## ASSIGNED TASK
Going through the material below, output exactly the lines from the one containing "Fluente scintille, foto" through the one containing "Духи Christian Dior, Diorissimo", and no pictures.

## DATA LISTING
--- START ---

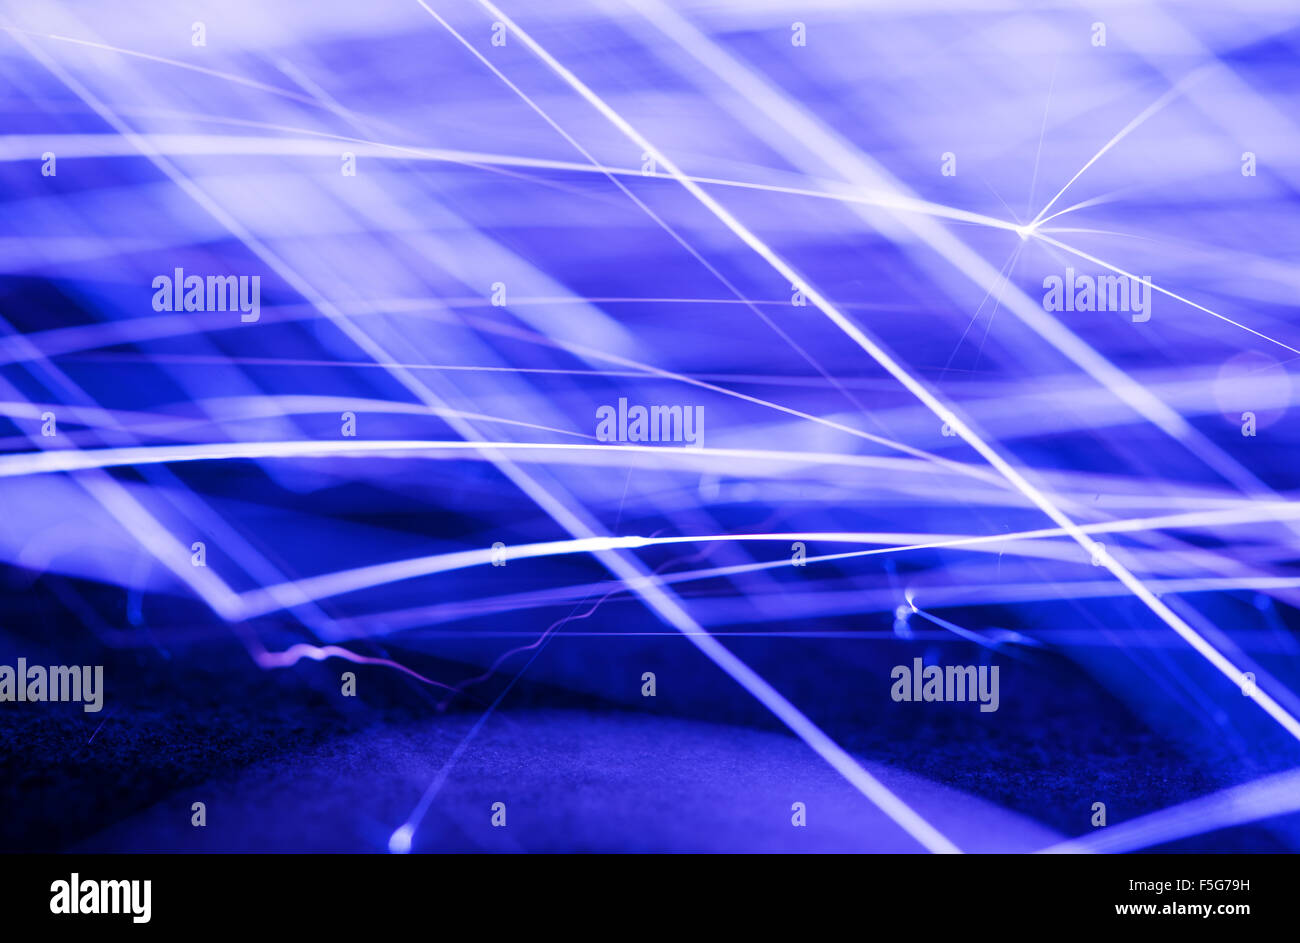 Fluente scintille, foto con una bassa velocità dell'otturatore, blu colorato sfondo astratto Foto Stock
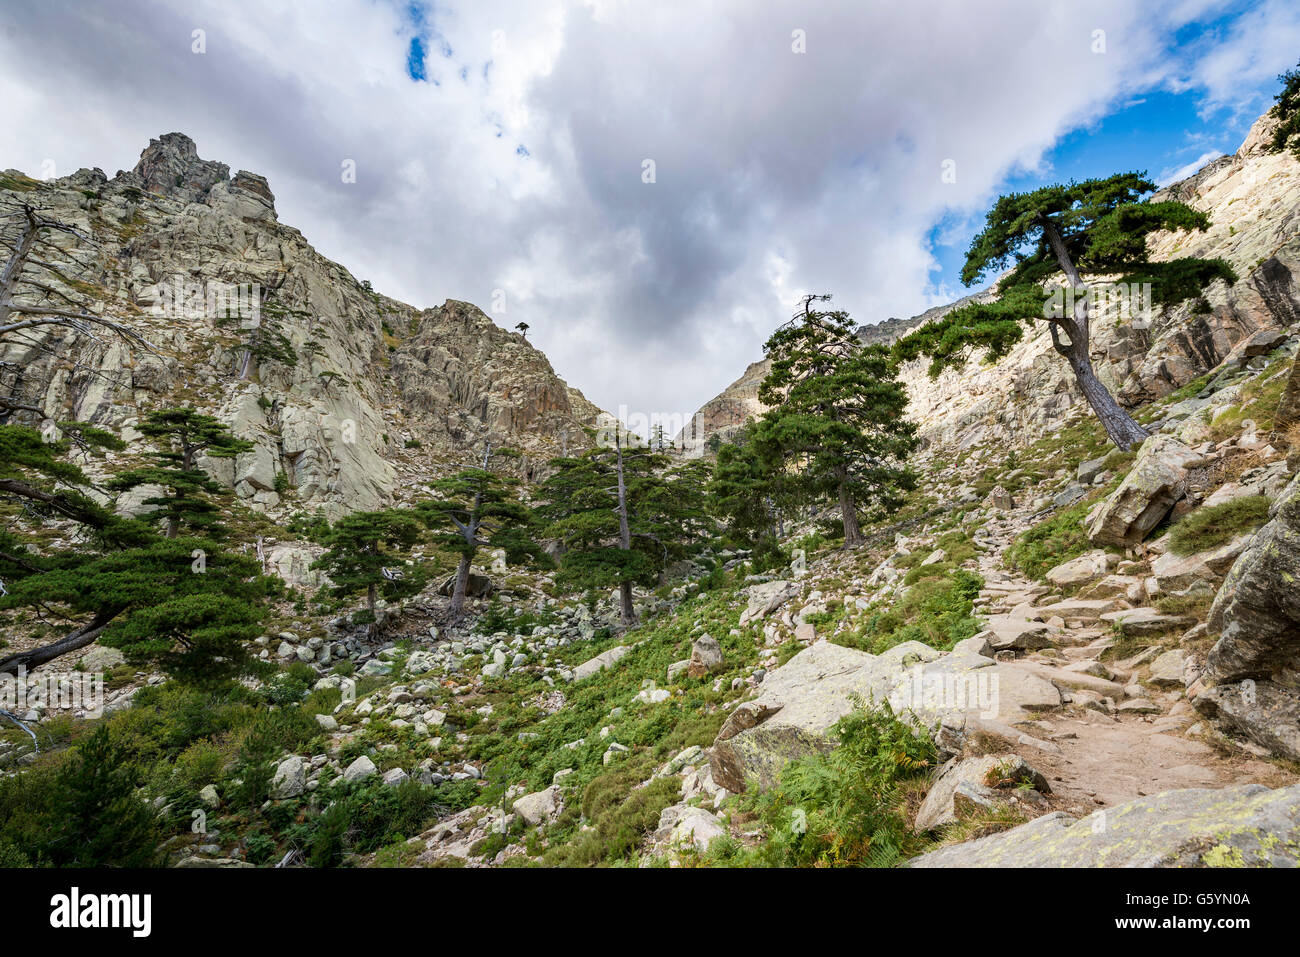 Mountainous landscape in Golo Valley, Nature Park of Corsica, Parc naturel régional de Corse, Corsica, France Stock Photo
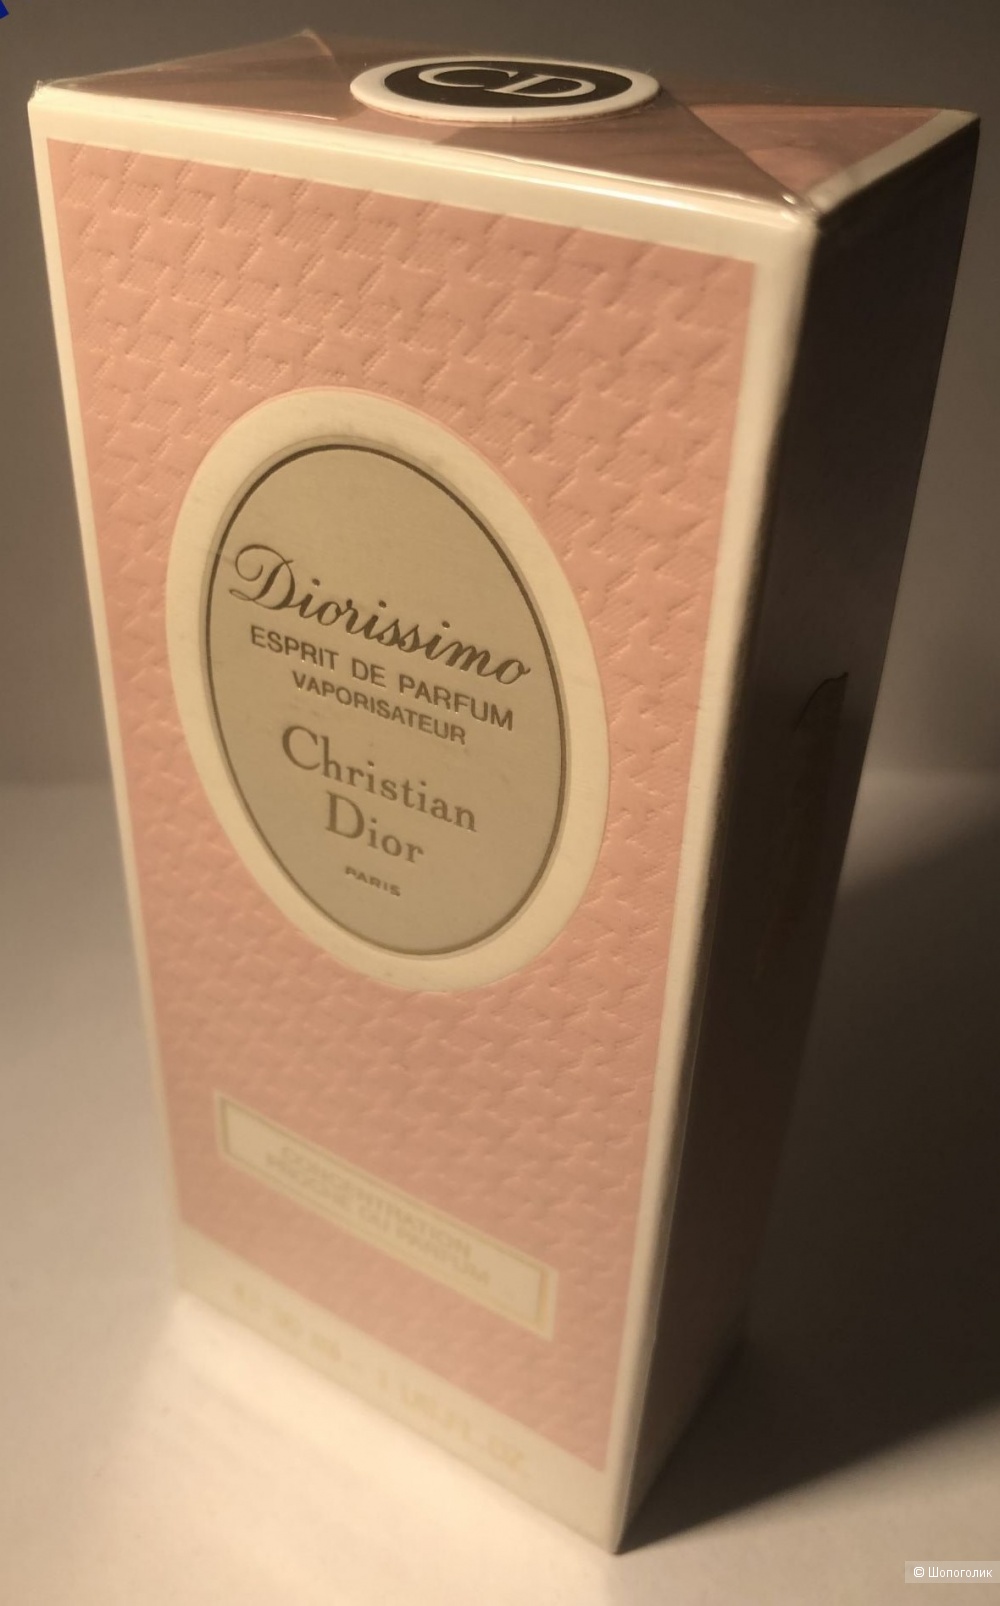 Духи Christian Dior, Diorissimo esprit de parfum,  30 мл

--- END ---
--- START ---

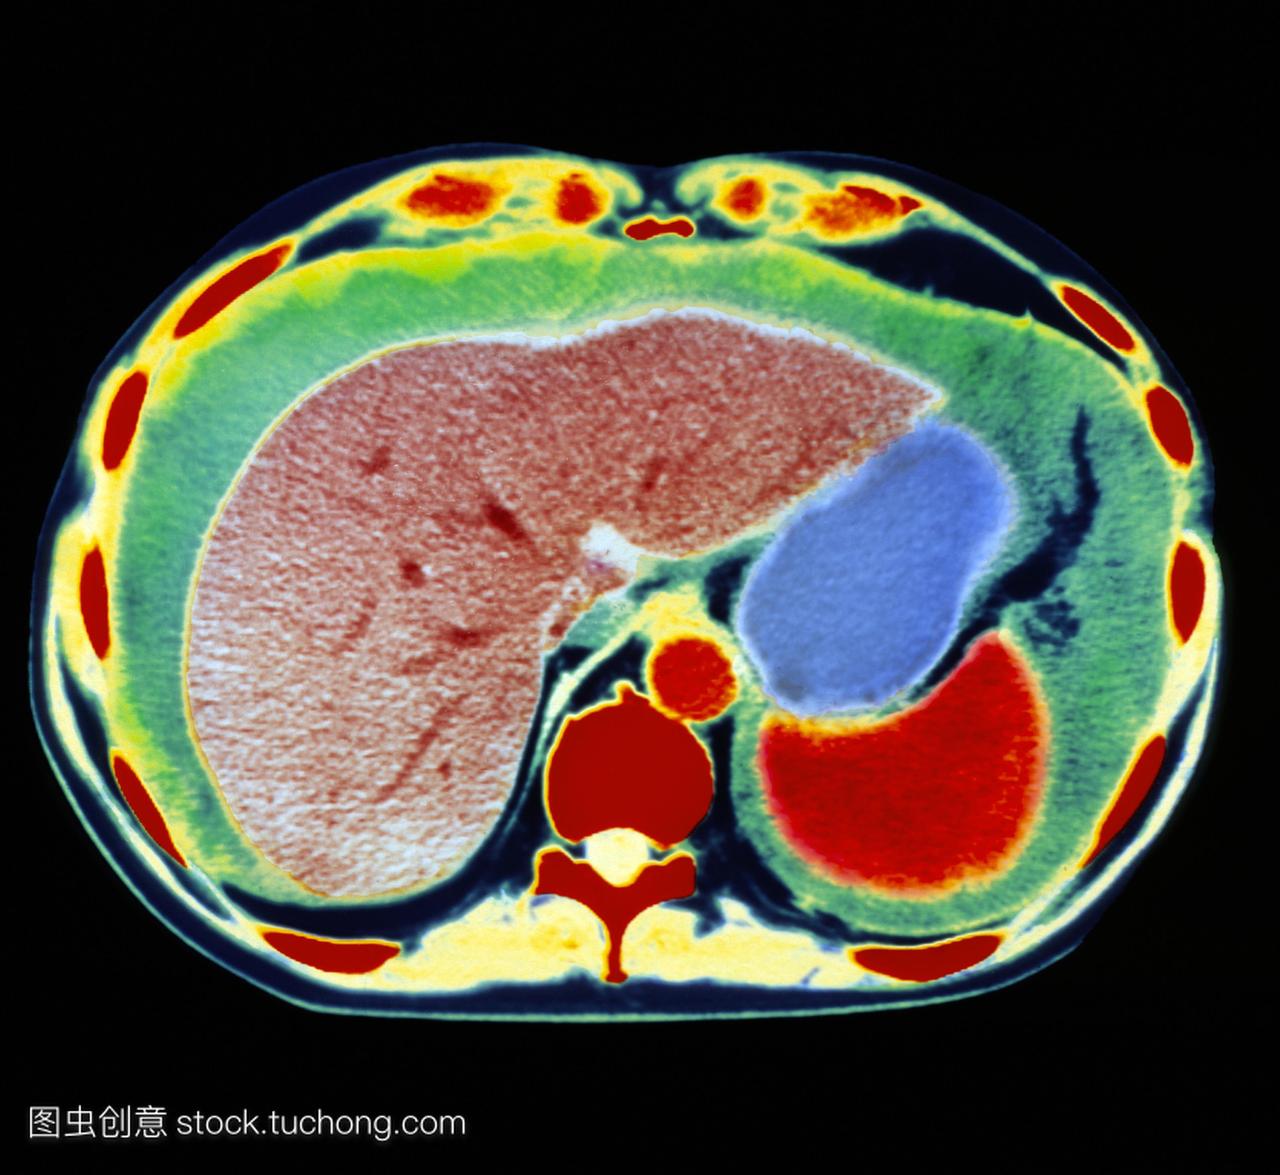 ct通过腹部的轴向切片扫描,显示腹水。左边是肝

--- END ---

## ANSWER SPACE
 Fluente scintille, foto con una bassa velocità dell'otturatore, blu colorato sfondo astratto Foto Stock
 Mountainous landscape in Golo Valley, Nature Park of Corsica, Parc naturel régional de Corse, Corsica, France Stock Photo
 Духи Christian Dior, Diorissimo esprit de parfum,  30 мл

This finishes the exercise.